Rallye
Dakar - Ruhetag - 08. Januar 2006 - Mitsubishi-Info:
Spitzenreiter Mitsubishi bereitet
sich auf zweite Dakar-Woche vor
- Mitsubishi belegt zu Halbzeit der Dakar die
Plätze eins, zwei und vier
- Mitsubishi Doppelspitze startet mit 26 Minuten Vorsprung
in die letzte Woche
- Sieben Prüfungen mit 2114 Kilometern müssen noch
absolviert werden
Sitzenreiter
Stéphane Peterhansel |
Ruhetag
bei der Rallye Dakar. Das auf den Gesamtplätzen
eins, zwei und vier liegende Mitsubishi Werksteam
nutzt die Zeit, um sich auf die entscheidende Woche
der härtesten Wüstenrallye der Welt vorzube-reiten.
Teamchef Dominique Serieys erklärte: "Wenn die Rallye
hier in Nouakchott zu Ende wäre, könnte ich sagen,
wir hätten einen guten Job gemacht. Aber wir haben
erst Halbzeit und viele harte Prüfungen warten noch
auf uns. Das weiß jeder im Team. Jeder von uns arbeitet
hier für den anderen. Das ist eine unserer Stärken."
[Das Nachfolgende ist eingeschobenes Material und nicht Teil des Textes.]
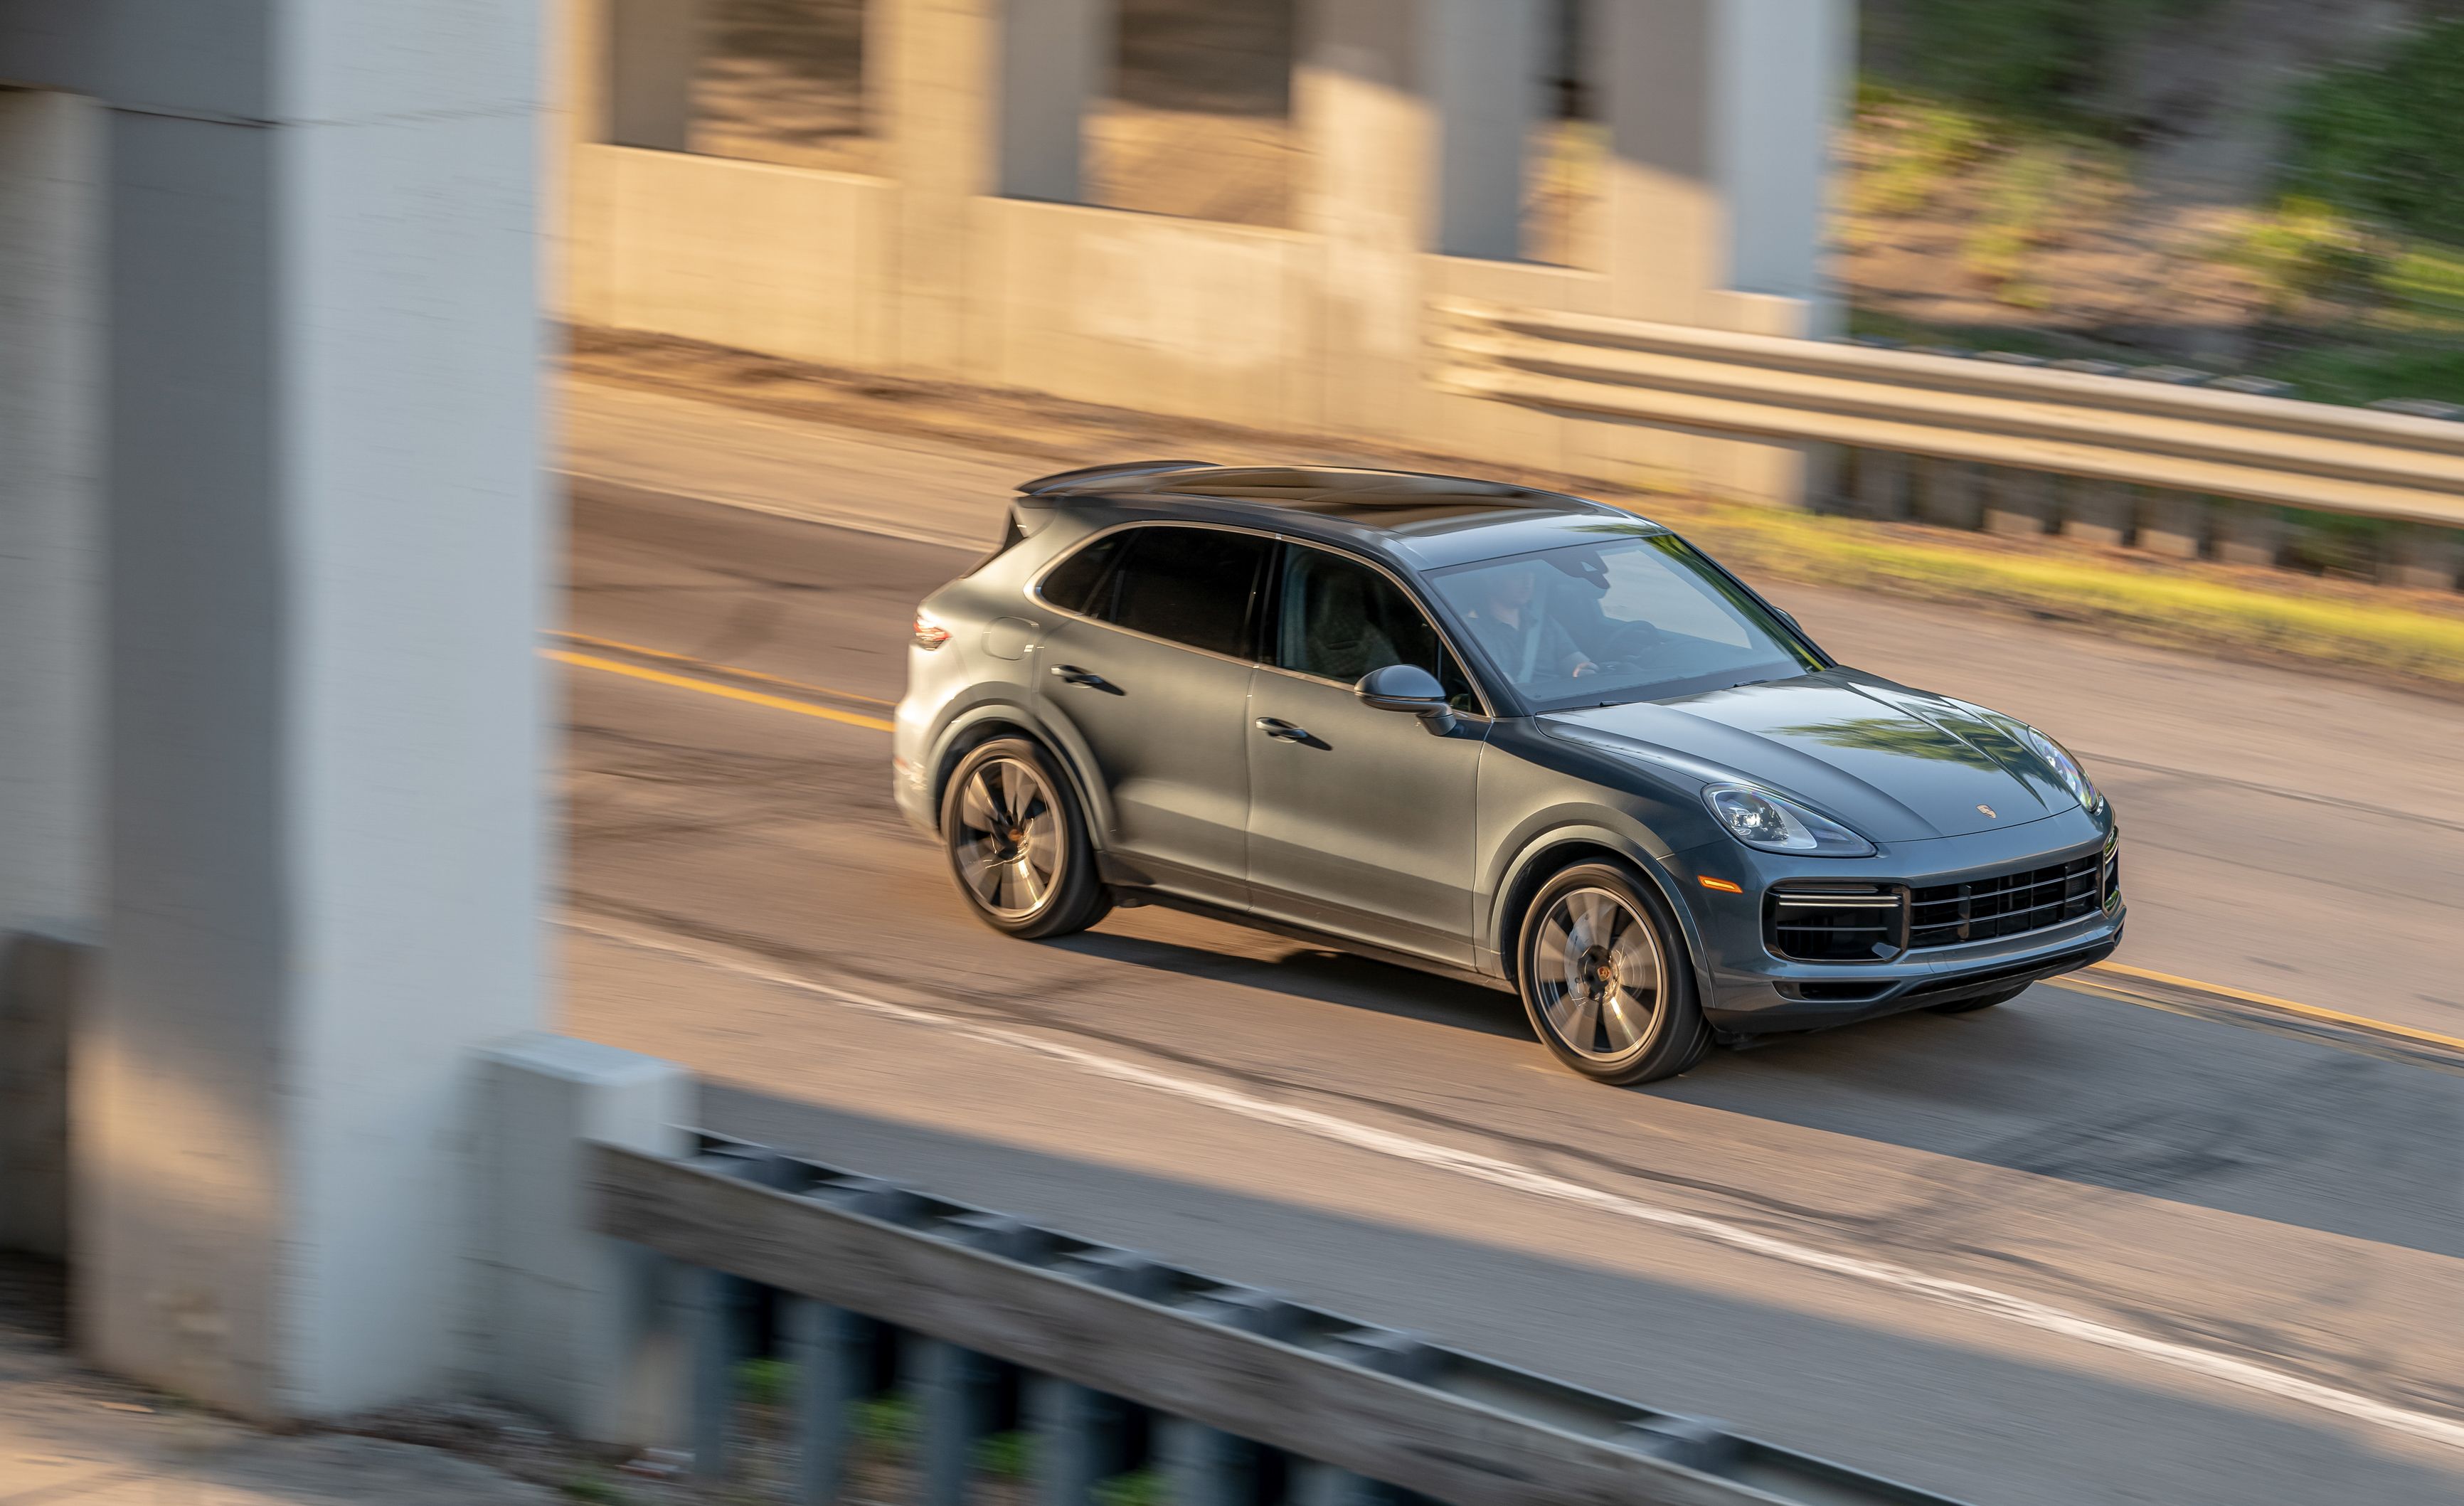 Tested: 2019 Porsche Cayenne Turbo Is the Ultimate Porsche SUV, for Now

Mit Ausnahme des Ausfalls von Hiroshi Masuoka nach
einem Unfall sah sich Mitsubishi mit keinen größeren
Problemen konfrontiert, die über die typischen Tücken
der Rallye Dakar hinausgehen. Die Pajero Evolution
sind gleichsam schnell und zuverlässig unterwegs.
An insgesamt drei von bisher acht Rallye-Tagen lag
Mitsubishi mit zwei Autos an der Spitze. Sowohl
Nani Roma als auch Luc Alphand und Stéphane Peterhansel
haben den Wettbewerb jeweils angeführt. Außerdem
gewann Vorjahres-sieger Peterhansel zwei Etappen.
Sein Triumph am siebten Tag war sein insgesamt 50.
Dakar-Prüfungssieg.
"Peter", wie der 40 Jahre alte Franzose von seinen
Kollegen genannt wird, startet mit einem denkbar
knappen Vorsprung von 32 Sekunden vor seinem Teamkollegen
Alphand in die letzte Dakar-Woche. Nani Roma hat
als Vierter 45 Minuten Rückstand, zu Platz drei
fehlen 19 Minuten.
Zu den anstehenden Aufgaben sagte Peterhansel: "Gleich
am Montag wartet die längste und eine erneut sehr
schwere Dakar-Prüfung auf uns. Ich fahre als Zweiter
los, aber die letzten Tage haben gezeigt, dass es
für mich kein Problem ist, vorn zu fahren. Das Wichtigste
ist, dass wir weiter das Tempo bestimmen und den
Druck auf die Gegner verstärken. Momentan ist Giniel
de Villiers im Volkswagen unser bester Verfolger.
Luc fährt für das gleiche Team wie ich, wenn er
gewinnen sollte, wäre es für Mitsubishi ebenfalls
eine tolle Sache. Es geht also darum, das wir unseren
Vorsprung vor Gegnern aus anderen Teams ausbauen."
Luc Alphand ergänzte: "Am Montag, bei dem erneut
viele Dünen bewältigt werden müssen, versuchen wir,
in Tuchfühlung mit Stéphane zu bleiben. Alles andere
werden wir dann sehen. Ich gehe davon aus, dass
man sich nächste Woche jeden Tag eine neue Taktik
überlegen muss."
Nani Roma sagte: "Wir haben zwei Autos an der Spitze,
ich stehe also nicht unter dem Druck, gewinnen zu
müssen. Ich sehe meine Aufgabe darin, Verfolger
wie Giniel de Villiers und die Schlesser-Buggys
zu bedrängen und so Stéphane und Luc zu helfen.
Hart wird auch die Marathon-Etappe am 12. Januar,
bei dem am Abend keine Service-Crew auf uns wartet."